I think that they were 'mortal', though they were created in likeliness of the Elves.

Elves' immortality is bound within the fate of Arda. Their spirits last as long as Arda exists. After death their spirits (fear) leave the body (hroar) and go to Mandos and after that, when they are cured from hurts and grieves, they may be re-embodied. That's how it works for me

Now take Orcs: they are created by Melkor in likeliness of the Elves, so should be also 'immortal' as well, but where do their spirits (if they have ones) go? Not to Mandos, that's for certain... so how can they be re-embodied?

That's only my theory...


----------



## Confusticated (Jul 3, 2003)

Here's a thread asking the same question:

http://www.thetolkienforum.com/showthread.php?threadid=9543&


----------



## Elendil3119 (Jul 3, 2003)

No, Orcs were not immortal.


> Moreover, the Orcs continued to live and breed and to carry on their business of ravaging and plundering after Morgoth was overthrown. They had other characteristics of the Incarnates also. They had languages of their own, and spoke among themselves in various tongues according to differences of breed that were discernible among them. They needed food and drink, and rest, though many were by training as tough as Dwarves in enduring hardship. They could be slain, and they were subject to disease; *but apart from these ills they died and were not immortal*, even according to the manner of the Quendi; indeed they appear to have been by nature short-lived compared with the span of Men of higher race, such as the Edain. ('Myth's Transformed', Morgoth's Ring)


----------



## cardanas (Jul 4, 2003)

of corse they werent immortal
the eexperimants left them pathetic


----------



## Eriol (Jul 21, 2003)

It depends on the year you ask . Before the overhauling of the mythology that Tolkien planned but never completed, I think Orcs were immortal (being corrupted Elves). After Tolkien 're-thought' this part of his myth I think it is clear he imagined Orcs differently; _those_ Orcs were mortal.
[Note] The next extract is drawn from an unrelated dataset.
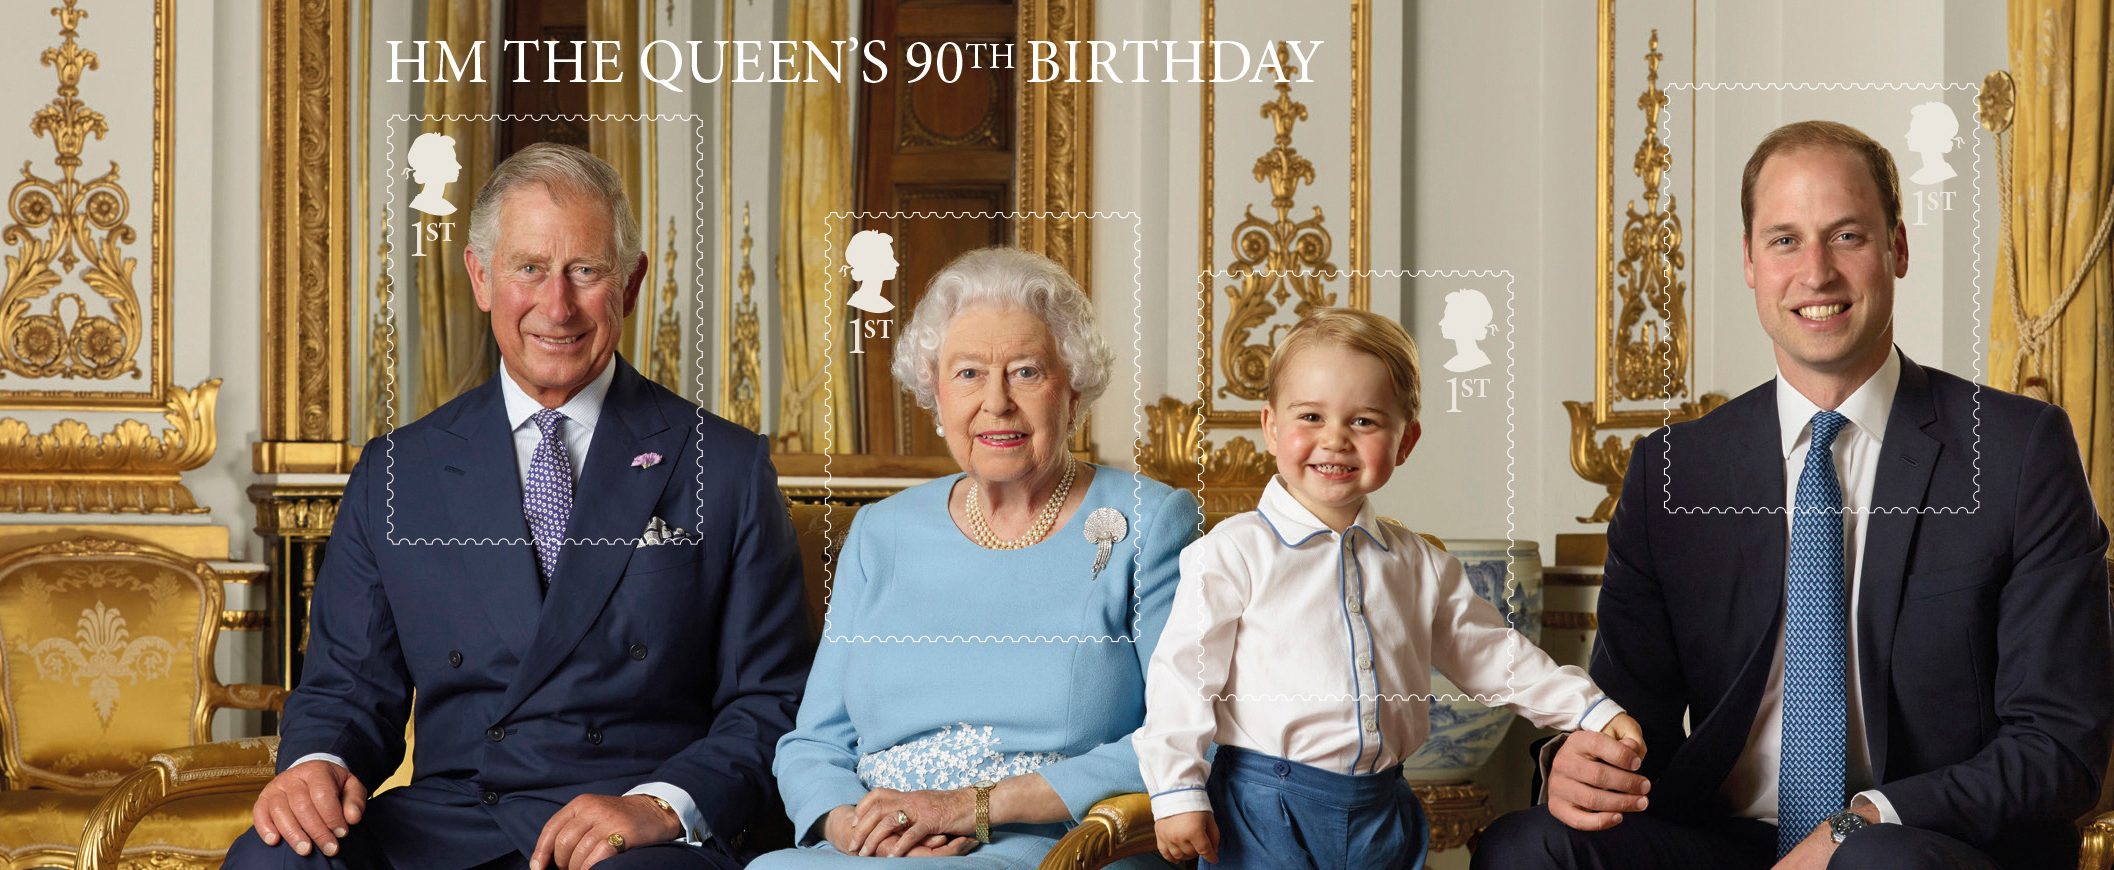 COMMEMORATIVE STAMPS. A stamp sheet issued by the Royal Mail to mark the 90th birthday of Queen Elizabeth II featuring four generations of the Royal family. The picture was taken in the summer of 2015 in the White Drawing Room at Buckingham Palace, London, United Kingdom The Queen celebrates her 90th birthday on April 21, Thursday. Photo by Ranald Mackechnie/Royal Mail/EPA 
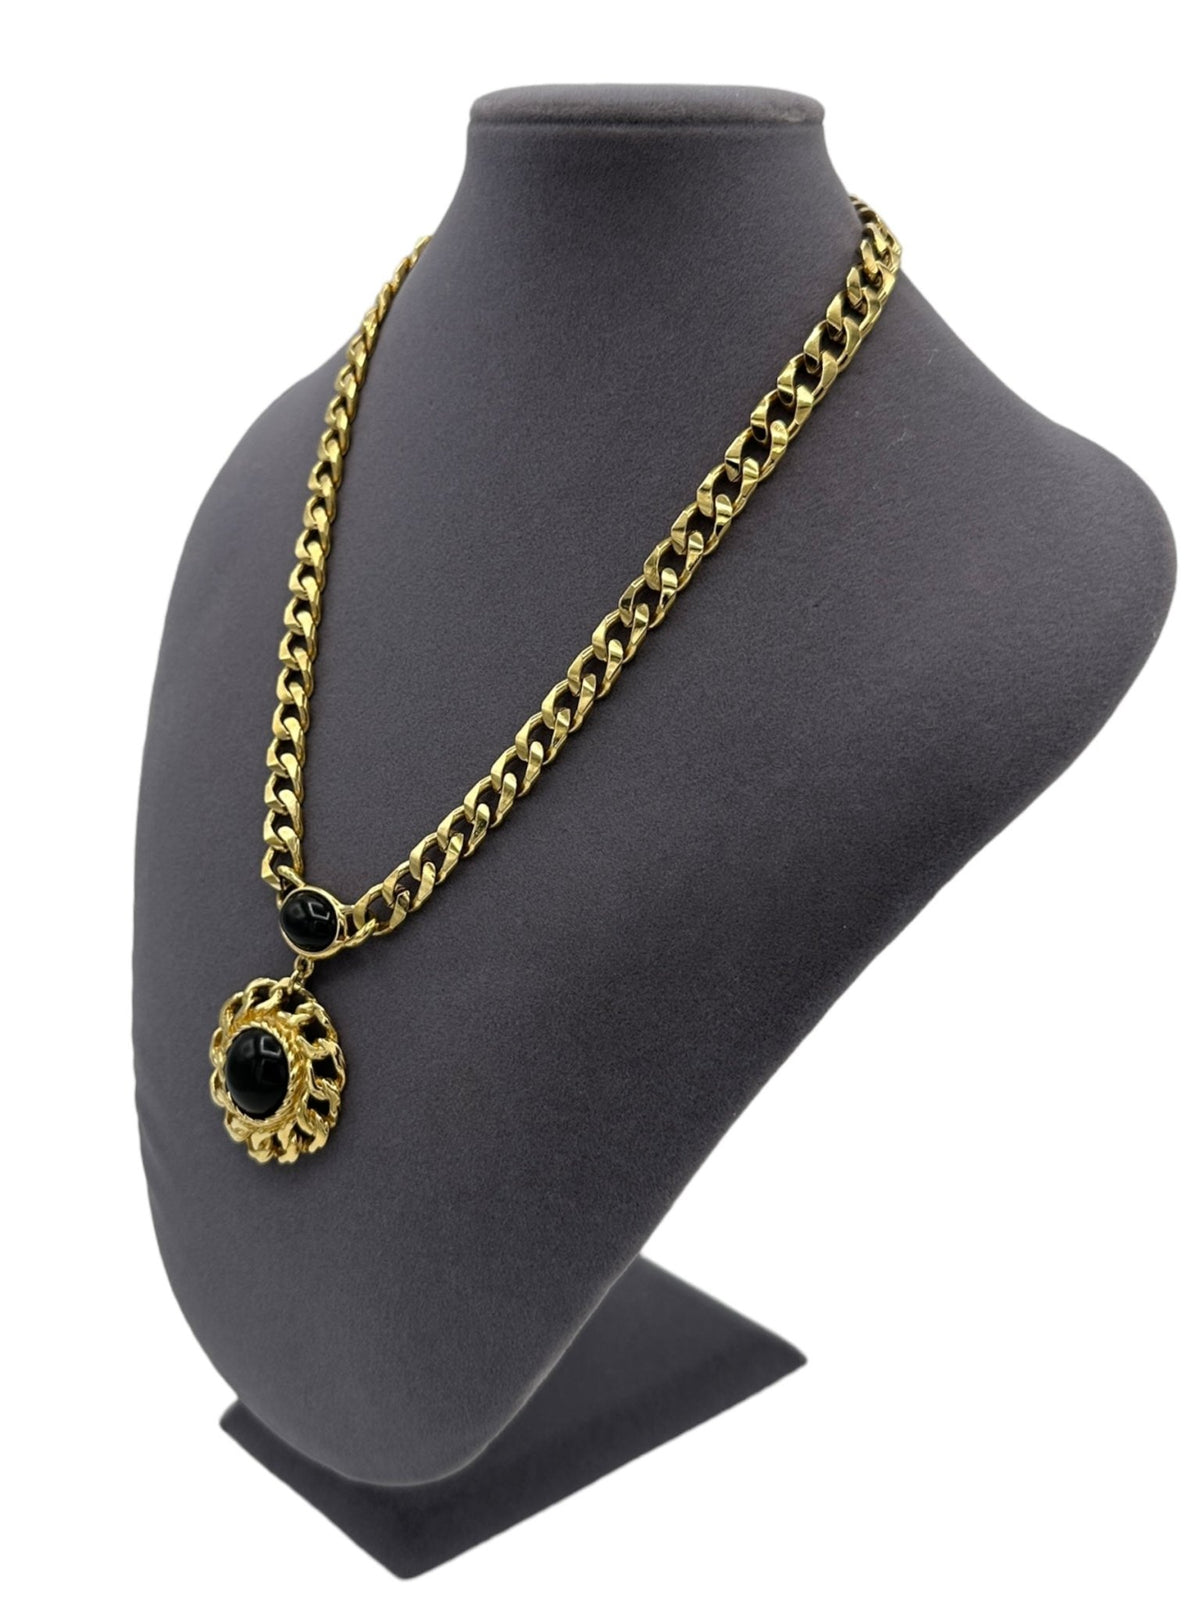 Trifari Jewelry Gold Curb Chain Necklace Classic Black Cabochon Pendant - 24 Wishes Vintage Jewelry

I think you can safely say that, for instance, orcs in LotR --Shagrat and Gorbag -- were immortal; they even make an allusion to Sauron's first Downfall. Had Orcs history classes?


----------



## Beleg (Jul 22, 2003)

> Had Orcs history classes?



Nah, but word probably spread like wildfire among them; pretty chatty things they were when they wanted to be. 

What I would have liked in LOTR would be a bit more Orc conversations and scenes; they seemed pretty interesting and even amusing.


----------



## Eriol (Jul 22, 2003)

Yes, Shagrat and Gorbag were great... especially by describing Sam as a big Elf!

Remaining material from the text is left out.